C.K. SampleToday's blogger interview features TUAW phenom (as well as regular contributor to TVSquad and Cinematical), C.K. Sample, III.

What do you think makes blogging unique?

Quaerimur Ergo Sum. "I'm searchable, therefore I am." Recently, Jeff Jarvis, of Buzzmachine fame, while discussing the commodification of Google, mentioned that if you weren't searchable these days, you didn't exist (I'm paraphrasing here), and I think that's the beauty of blogging. It's a new grassroots publication system that makes you searchable. If you do a Google search for C.K. you will see a link to my profile from TV Squad as the 9th result. On the second page, you will see a link to my TUAW profile. On the third page, you will see my personal blog, Sample the Web. If you are my long lost friend Alberto who lives in Italy and whom I met in Germany and you think, "Hey, I wonder how C.K. is doing?" then you will find me (he did). That's valuable on a personal level. If you're an editor considering hiring me to write an article about iPods, you can search my name, find my site or TUAW, and search them for what I've written about iPods. That's helping to establish the brand of C.K. on the Internet, and that's valuable on a professional level. Now, you can see that blogging is valuable on both a personal and professional level for the blogger, but the beauty of it all is that people read what you write and they value it; I may just be writing about computers and television and movies, and little odds and ends that interest me, but people read it and find value in it, and I am thanked via comments and via email for what I've written and shared through my blogging. That makes me feel like I'm doing something for everyone else. Community participation. It's good for me and for the community.

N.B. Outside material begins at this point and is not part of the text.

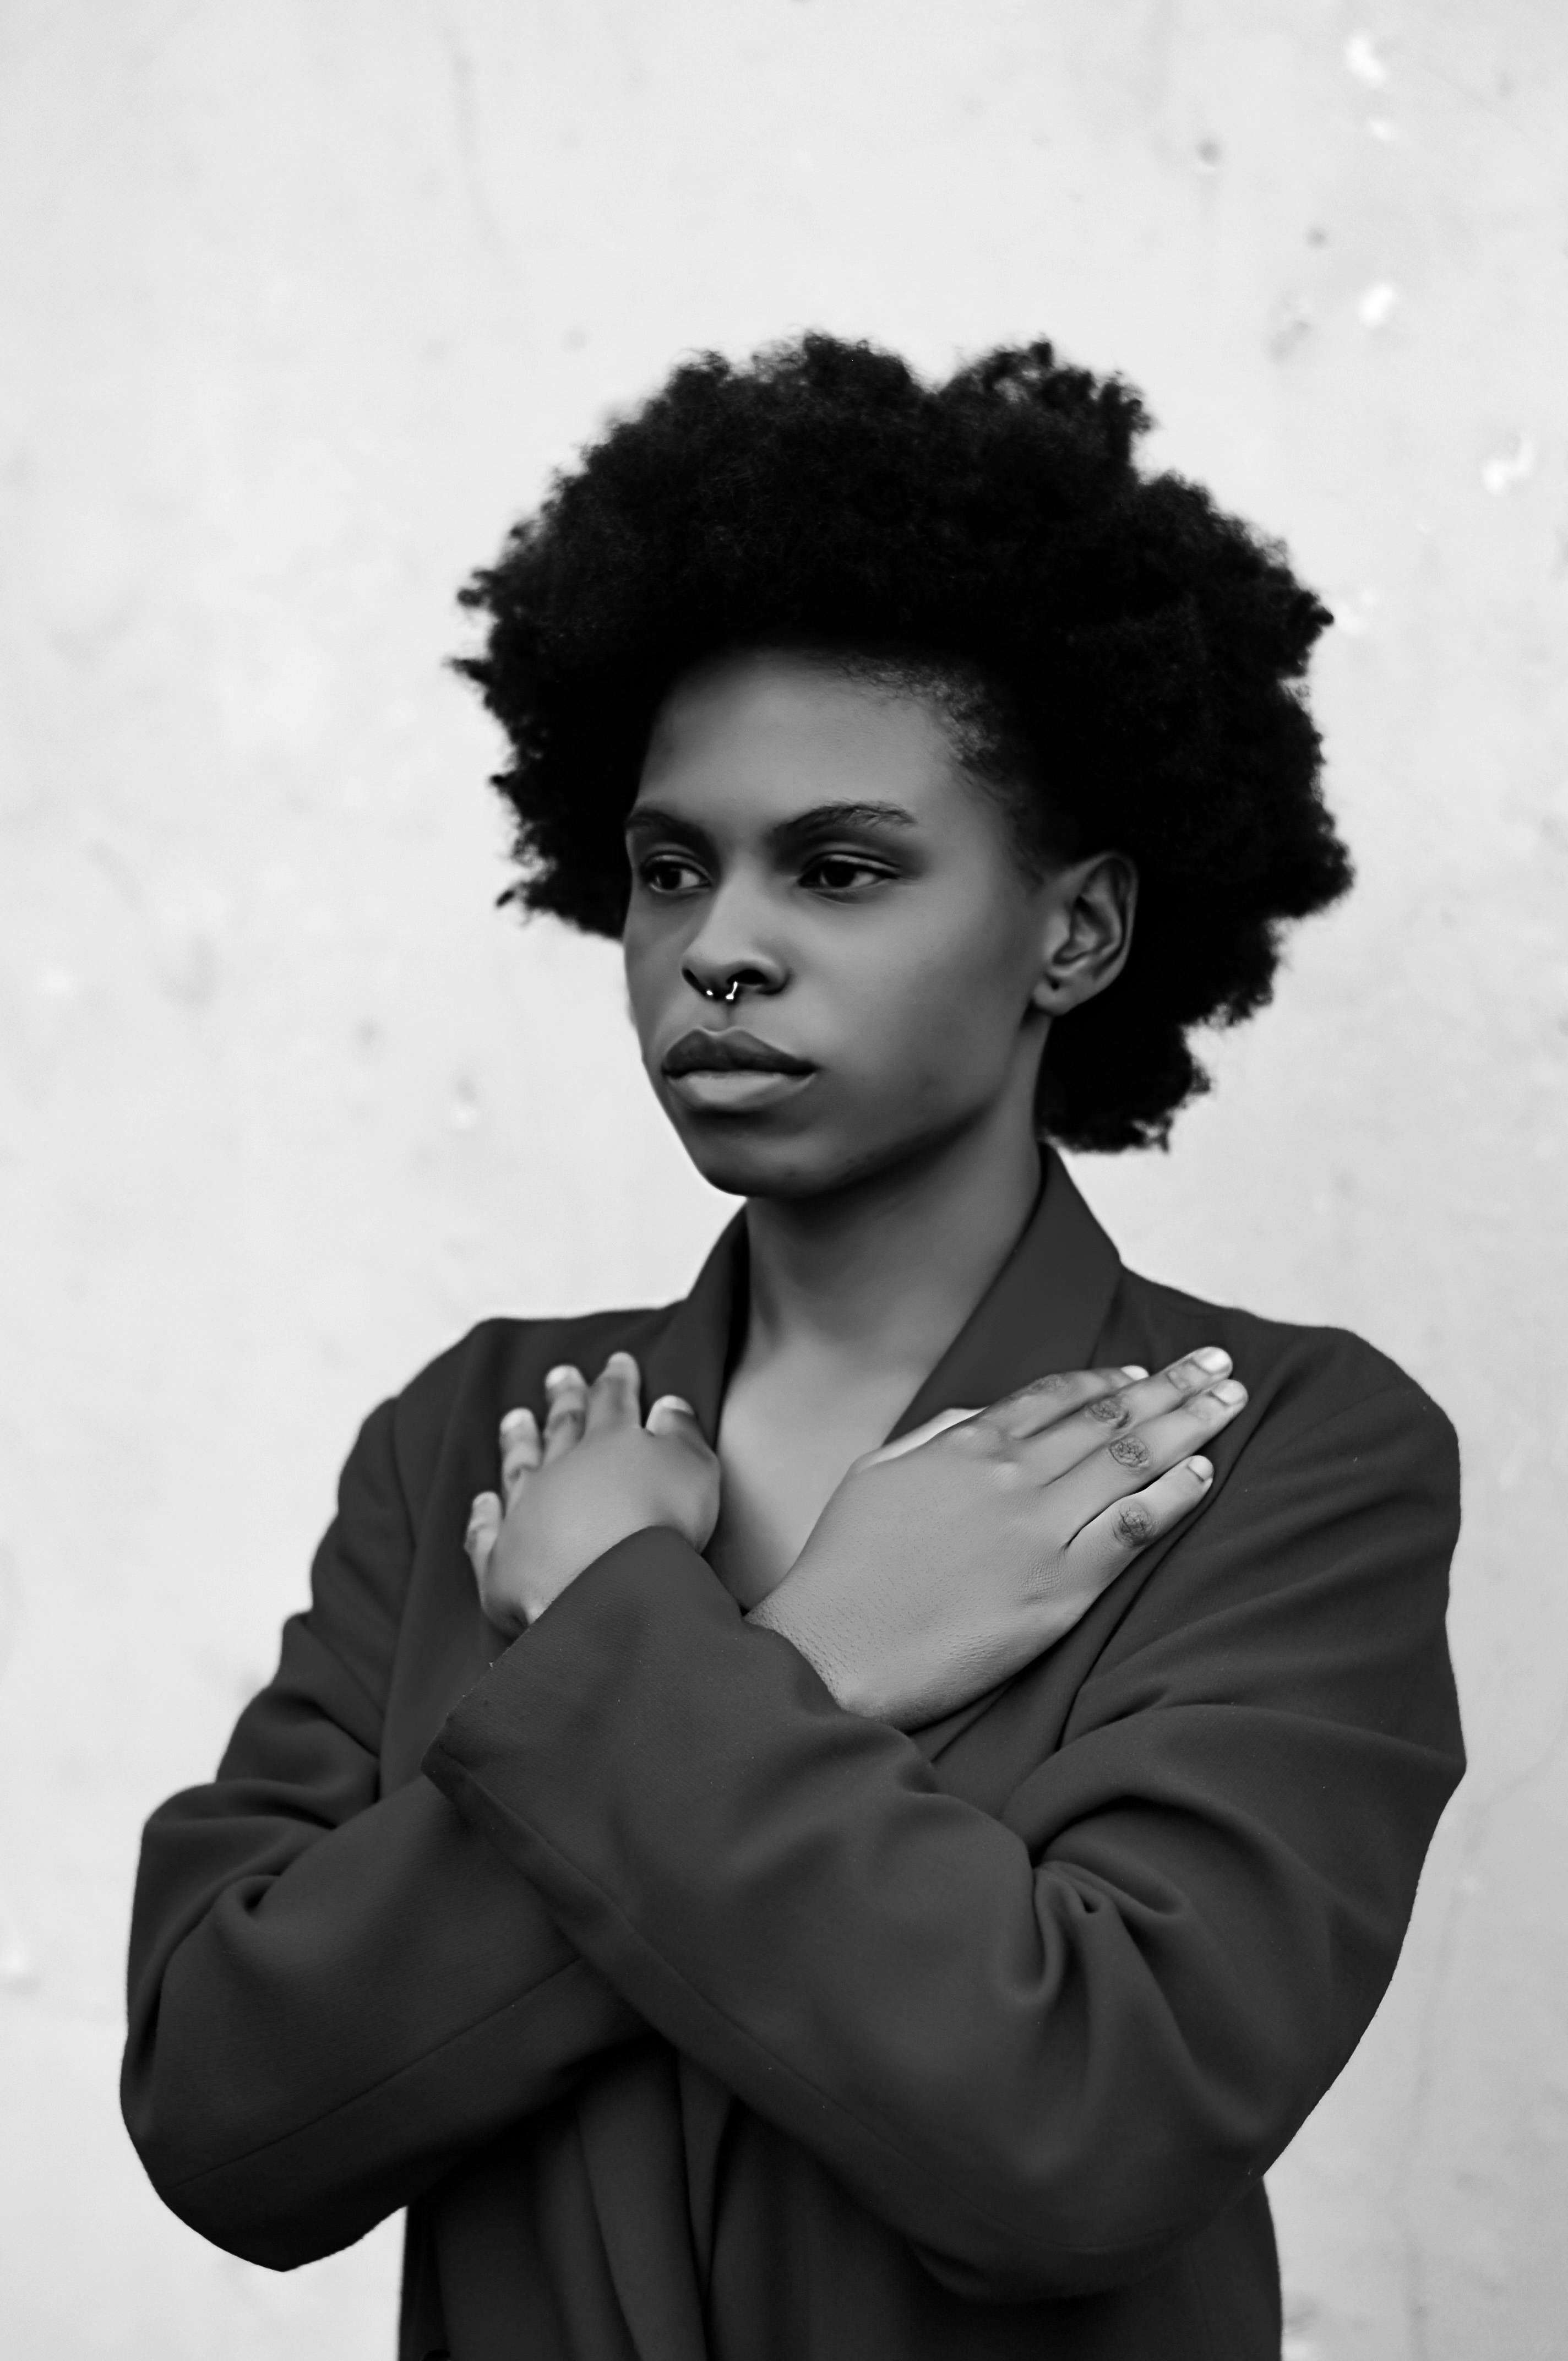 Grayscale Photo of Woman with Afro Hair Posing · Free Stock Photo

How did you get into blogging?

Well, one of my favorite topics of discussion has always been myself, because, let's face it, I'm great. So, anyway, when I saw this uber- self-obsessed form of communication growing on the web, I felt impulsively drawn to it. I had tinkered with a few sites of my own and written for a few web-zines, but the weblog format just seemed easier, because you didn't have to worry about spending days and weeks and months kludging together a site design. Instead, you simply wrote and wrote and wrote some more and slapped a pre-defined template on that you could tweak if you liked or not. This fit me perfectly, because I've always been a writer, normally writing in my very horrible scribbly left-handed writing in a leather journal I keep lying around and which I myself can often not-decipher. I tend to look at the scribble and remember what I was writing when I scribbled it down and that's how I read it.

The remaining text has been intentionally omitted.